Prior to our call, Dawn Butler’s office shared with me a selection of the hate mail as well as the tweets targeted at the MP, a lot of which poured in after the police stop was reported across mainstream media. The messages I’ve seen are, to put it extremely mildly, shocking. She has been called a liar, the N-word, a “freeloader”, instructed to “clear off to a Black hell-hole”.
Thankfully, after responding to a call from Met Police commissioner Cressida Dick’s office, Butler informs me she isn’t exposed to everything all the time. “I've asked my office to send me some of the abuse that they're sending to media outlets so I'm not shocked by it. But in the main, I don’t read [it],” she says.
When I ask why she thinks so many are quick to question the validity of Black women’s lived experiences, she flashes me a knowing smile.
“I'm sure that you've experienced that yourself. No matter [which Black woman] you talk to, the likelihood is that we will all have had similar experiences. I can't explain to you emphatically why that is at all."
But I can say to you that the outcome of it is that Black women are five times more likely to die in childbirth than white women.
I can tell you that the outcome of it is that Black people are disproportionately affected by Covid-19 deaths than white people.
I can tell you that violence is used against Black people more in regards to stop and search or tasers being used. I can tell you that the outcome is that Black people are 40 times more likely to be stopped.
With that in mind, you can see where Butler’s scathing criticism of Cressida Dick came from. In a column for the Metro, she called for Dick’s resignation, citing her problems in dealing with, let alone believing in, institutional racism in the Metropolitan Police.
She told me:
I don’t think William Macpherson thought it would take 20 years for institutional racism to be resolved when he wrote his report [into Stephen Lawrence's murder].
I want to make sure she understands that she shouldn’t get upset about the term institutional racism, that it is a reality and that the outcomes of it are poor. If she’s not part of the solution to eradicating that, then she’s part of the problem.
So too is Boris Johnson, who after Butler’s incident echoed Dick’s belief that the Metropolitan Police isn’t institutionally racist.
“Oh, the prime minister knows that there’s institutional racism in the Met. The government knows this,” she says, speaking of the numerous reports and inquiries into racism in recent years.
Her thoughts on the latest “race commission”?

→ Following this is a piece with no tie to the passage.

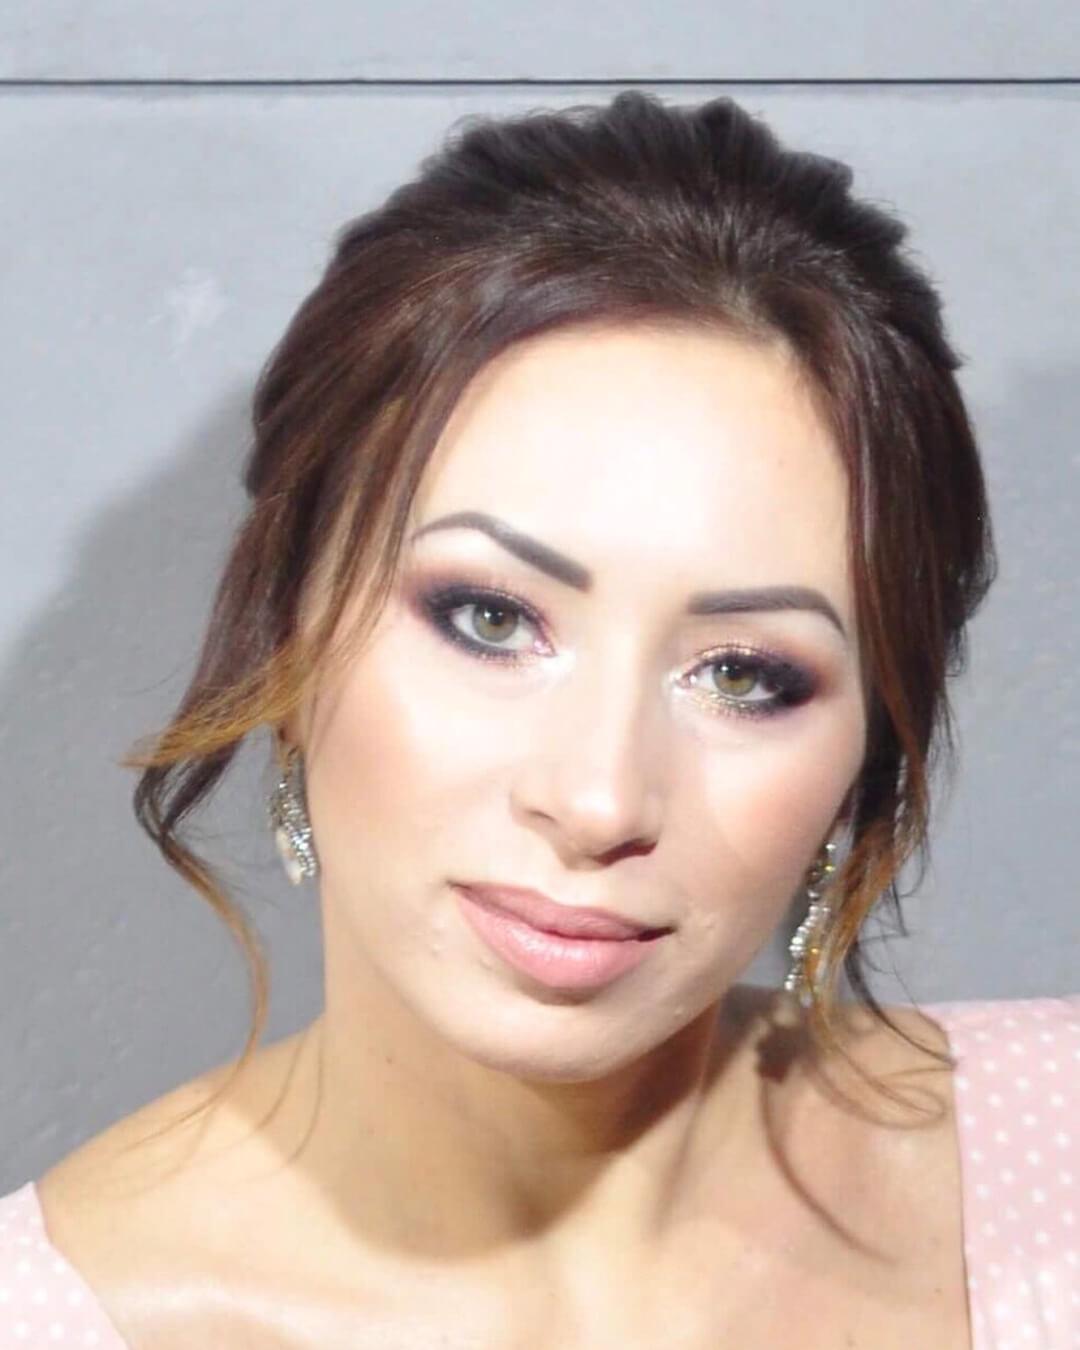 Байделюк Снежана Валерьевна

Absolute waste of time. What the government needs to do is just implement the 200-odd recommendations from all of the past reports. Civil servants could do that.
Following a meeting with Dick, the Butler has said in a statement that she is committed to working with the Met to "build a better system", tackle racism and reform 'stop and search' laws.
Other than a Labour government (of course) these aims form a key part of her wishes for the future of politics, policing and equality.
"I would like to see us change the [policing] system, invest in youth centres, in community groups, in mental health services. We need to live in a society where people can be their authentic selves and not be judged or discriminated against because of it.
If I couldn't make change or improve people’s lives nationally or even globally, then it wouldn’t mean anything to me at all. That’s the whole reason why I do this job. The whole reason.